Multi-agent deep reinforcement learning (MADRL) has shown remarkable advancements in the past decade. However, most current MADRL models focus on task-specific short-horizon problems involving a small number of agents, limiting their applicability to long-horizon planning in complex environments. Hierarchical multiagent models offer a promising solution by organizing agents into different levels, effectively addressing tasks with varying planning horizons. However, these models often face constraints related to the number of agents or levels of hierarchies. This paper introduces HiSOMA, a novel hierarchical multi-agent model designed to handle long-horizon, multi-agent, multi-task decision-making problems. The top-level controller, FALCON, is modeled as a class of self-organizing neural networks (SONN), designed to learn high-level decision rules as internal cognitive codes to modulate middle-level controllers in a fast and incremental manner. The middle-level controllers, MADRL models, in turn receive modulatory signals from the higher level and regulate bottom-level controllers, which learn individual action policies generating primitive actions and interacting directly with the environment. Extensive experiments across different levels of the hierarchical model demonstrate HiSOMA’s efficiency in tackling challenging long-horizon problems, surpassing a number of non-hierarchical MADRL approaches. Moreover, its modular design allows for extension into deeper hierarchies and application to more complex tasks with heterogeneous controllers. Demonstration videos and codes can be found on our project web page: https://smu-ncc.github.io.
Cooperative multi-agent reinforcement learning methods aim to learn effective collaborative behaviours of multiple agents performing complex tasks. However, existing MARL methods are commonly proposed for fairly small-scale multi-agent benchmark problems, wherein both the number of agents and the length of the time horizons are typically restricted. My initial work investigates hierarchical controls of multi-agent systems, where a unified overarching framework coordinates multiple smaller multi-agent subsystems, tackling complex, long-horizon tasks that involve multiple objectives. Addressing another critical need in the field, my research introduces a comprehensive benchmark for evaluating MARL methods in long-horizon, multi-agent, and multi-objective scenarios. This benchmark aims to fill the current gap in the MARL community for assessing methodologies in more complex and realistic scenarios. My dissertation would focus on proposing and evaluating methods for scaling up multi-agent systems in two aspects: structural-wise increasing the number of reinforcement learning agents and temporal-wise extending the planning horizon and complexity of problem domains that agents are deployed in.
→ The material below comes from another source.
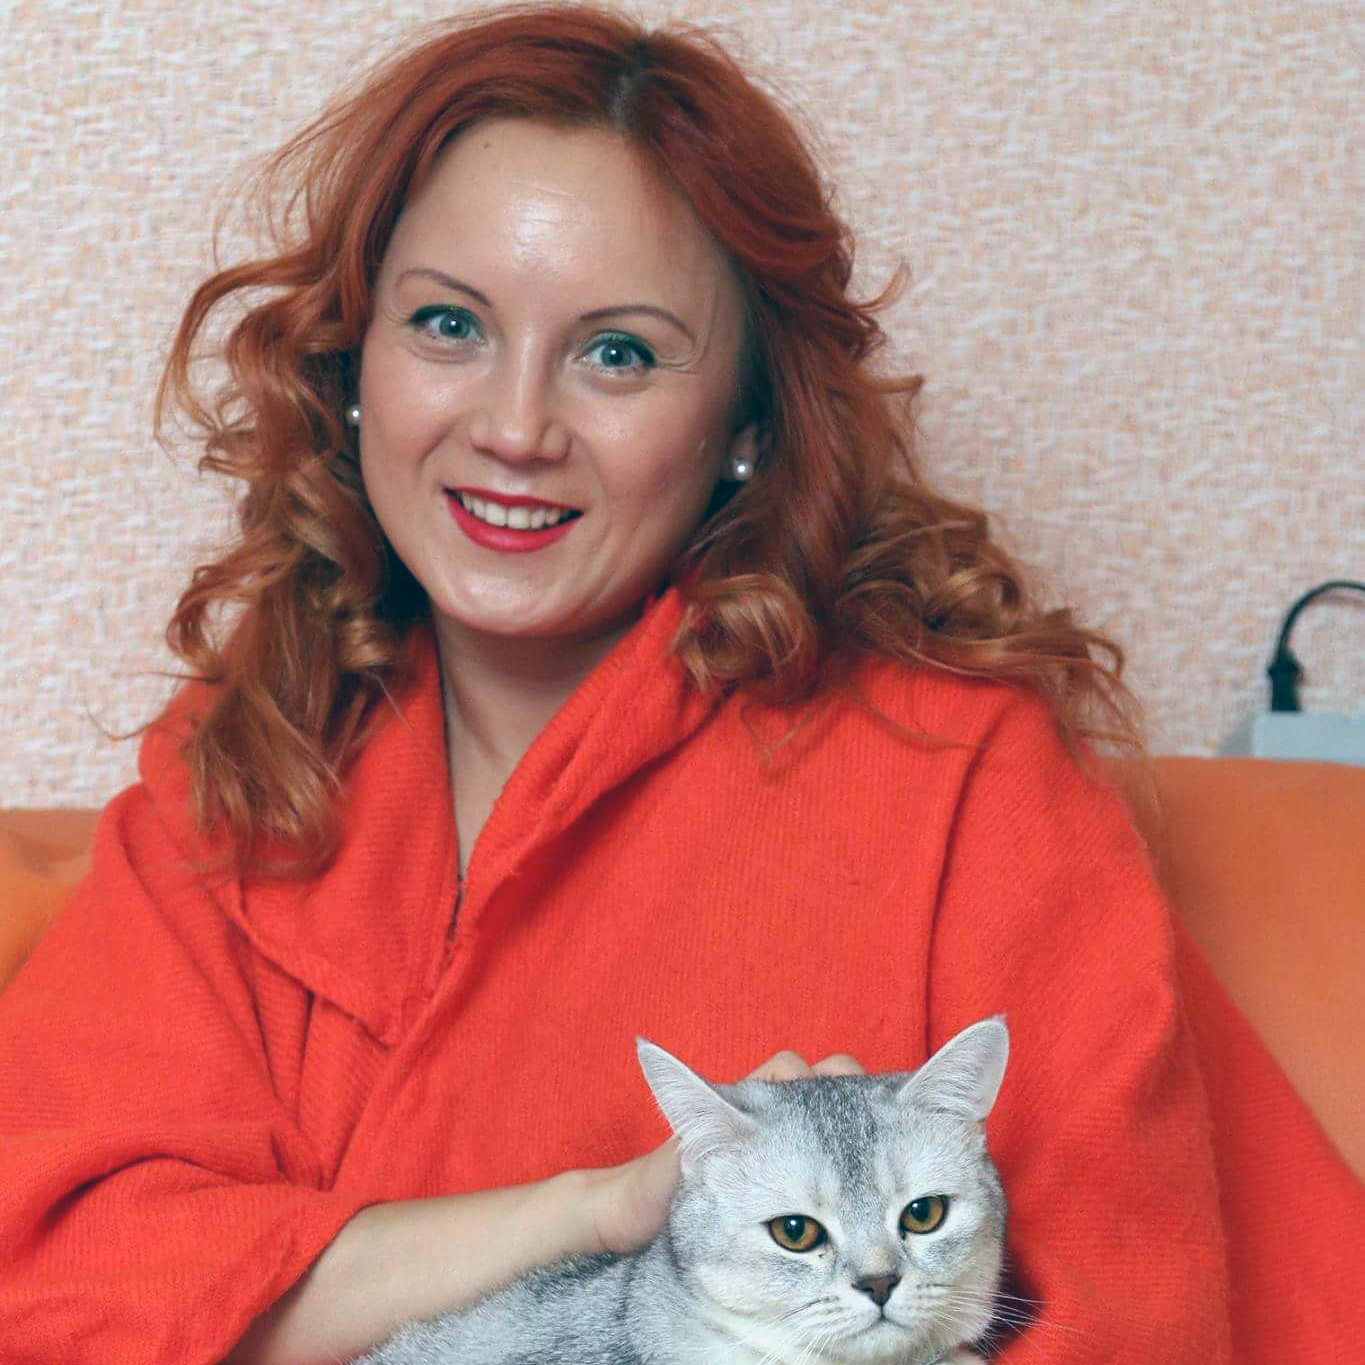 Svetlana Izambayeva, 36, won a beauty pageant in 2005 for HIV-positive women, becoming one of the first Russians to bring the country's HIV/Aids epidemic to the public eye [Image courtesy Svetlana Izambayeva ]

This paper introduces a method to explain MADRL agents’ behaviors by abstracting their actions into high-level strategies. Particularly, a spatio-temporal neural network model is applied to encode the agents’ sequences of actions as memory episodes wherein an aggregating memory retrieval can generalize them into a concise abstract representation of collective strategies. To assess the effectiveness of our method, we applied it to explain the actions of QMIX MADRL agents playing a StarCraft Multi-agent Challenge (SMAC) video game. A user study on the perceived explainability of the extracted strategies indicates that our method can provide comprehensible explanations at various levels of granularity.
Current MARL benchmarks fall short in simulating realistic scenarios, particularly those involving long action sequences with sequential tasks and multiple conflicting objectives. Addressing this gap, we introduce Multi-Objective SMAC (MOSMAC), a novel MARL benchmark tailored to assess MARL methods on tasks with varying time horizons and multiple objectives. Each MOSMAC task contains one or multiple sequential subtasks. Agents are required to simultaneously balance between two objectives - combat and navigation - to successfully complete each subtask. Our evaluation of nine state-of-the-art MARL algorithms reveals that MOSMAC presents substantial challenges to many state-of-the-art MARL methods and effectively fills a critical gap in existing benchmarks for both single-objective and multi-objective MARL research.
Although Multi-agent Deep Reinforcement Learning (MADRL) has shown promising results in solving complex real-world problems, the applicability and reliability of MADRL models are often limited by a lack of understanding of their inner workings for explaining the decisions made. To address this issue, this paper proposes a novel method for explaining MADRL by generalizing the sequences of action events performed by agents into high-level abstract strategies using a spatio-temporal neural network model. Specifically, an interval-based memory retrieval procedure is developed to generalize the encoded sequences of action events over time into short sequential patterns. In addition, two abstraction algorithms are introduced, one for abstracting action events across multiple agents and the other for further abstracting the episodes over time into short sequential patterns, which can then be translated into symbolic form for interpretation. We evaluate the proposed method using the StarCraft Multi Agent Challenge (SMAC) benchmark task, which shows that the method is able to derive high-level explanations of MADRL models at various levels of granularity.